Pierre Petit de Julleville was elected bishop of Dijon on 23 June 1927. He was consecrated on 29 September 1927, in the metropolitan cathedral of Paris, by Cardinal Louis-Ernest Dubois, archbishop of Paris. He was promoted to the metropolitan see of Rouen on 7 August 1936, where he acted as Apostolic administrator of the see of Dijon from 18 September 1936 to 15 May 1937.
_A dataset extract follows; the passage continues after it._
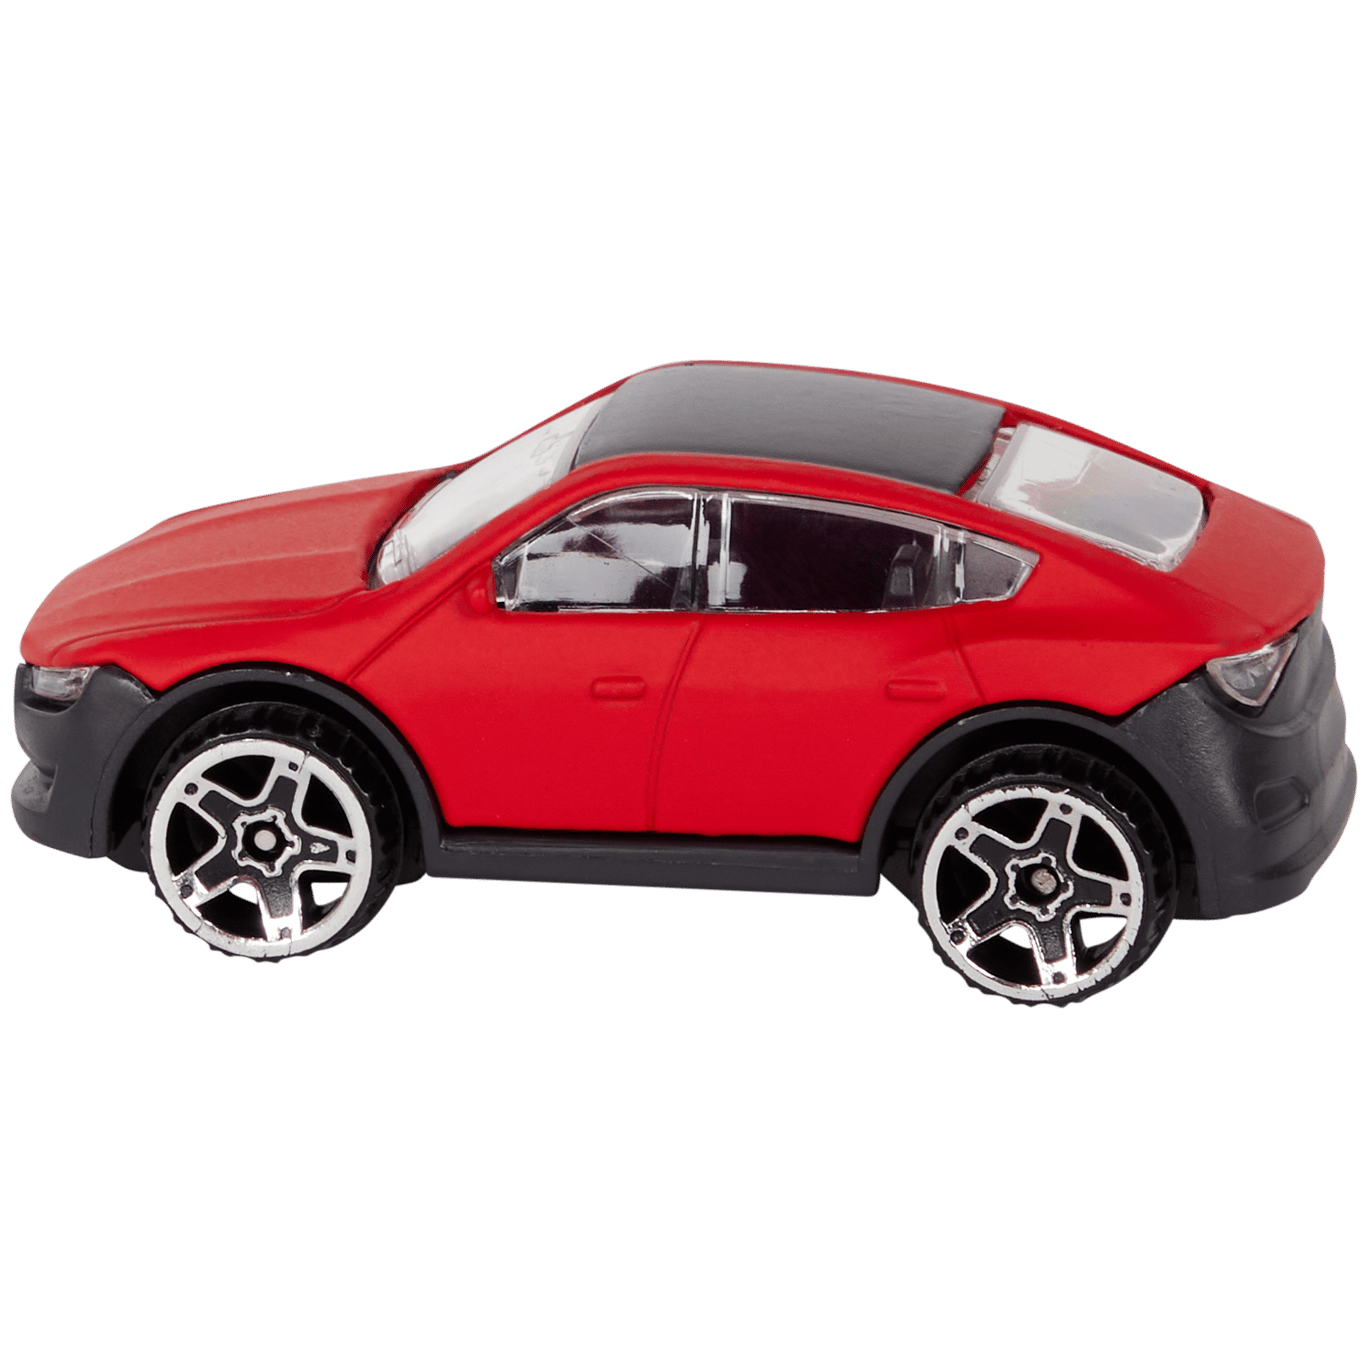 Speelgoedauto's de laagste prijs | Action.com
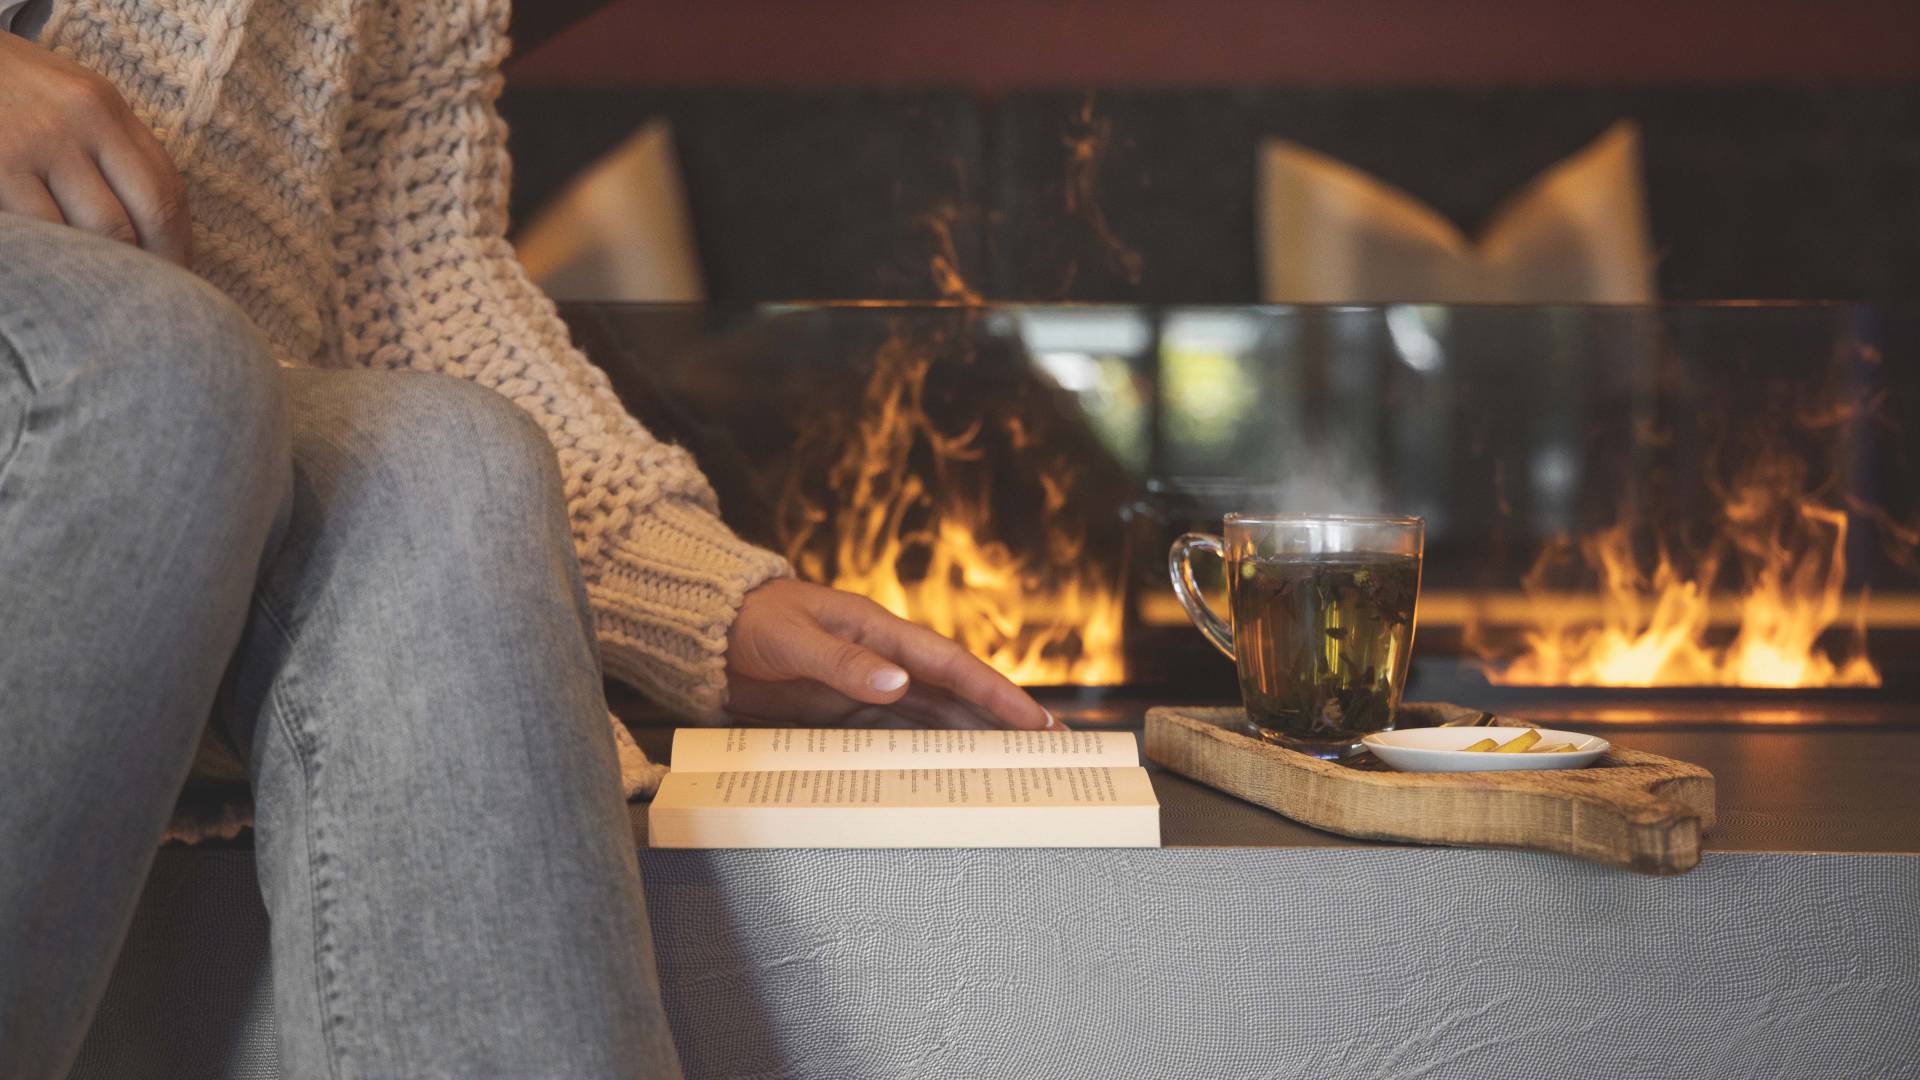 Frau sitzt mit Buch und Tee vor einem Kaminfeuer.

Pope Pius XII created him cardinal priest on 18 February 1946. Pierre Petit de Julleville received the title of S. Maria in Aquiro on 22 February 1946. He died less than 2 years later, on 10 December 1947 in Rouen, and is buried in the metropolitan cathedral of Rouen.

== Bibliography ==
- Brain, Roger. Le Cardinal Petit de Julleville. Paris: Centre de documentation sacerdotale, 1948;
- Chapeau, O.S.B. André and Fernand Combaluzier, C.M. Épiscopologe français des temps modernes, 1592–1973. Paris : Letouzey et Ané, 1974, p. 443-444;
- De la Serre, René. Le Cardinal Petit de Julleville. Paris: Librairie Plon, 1955.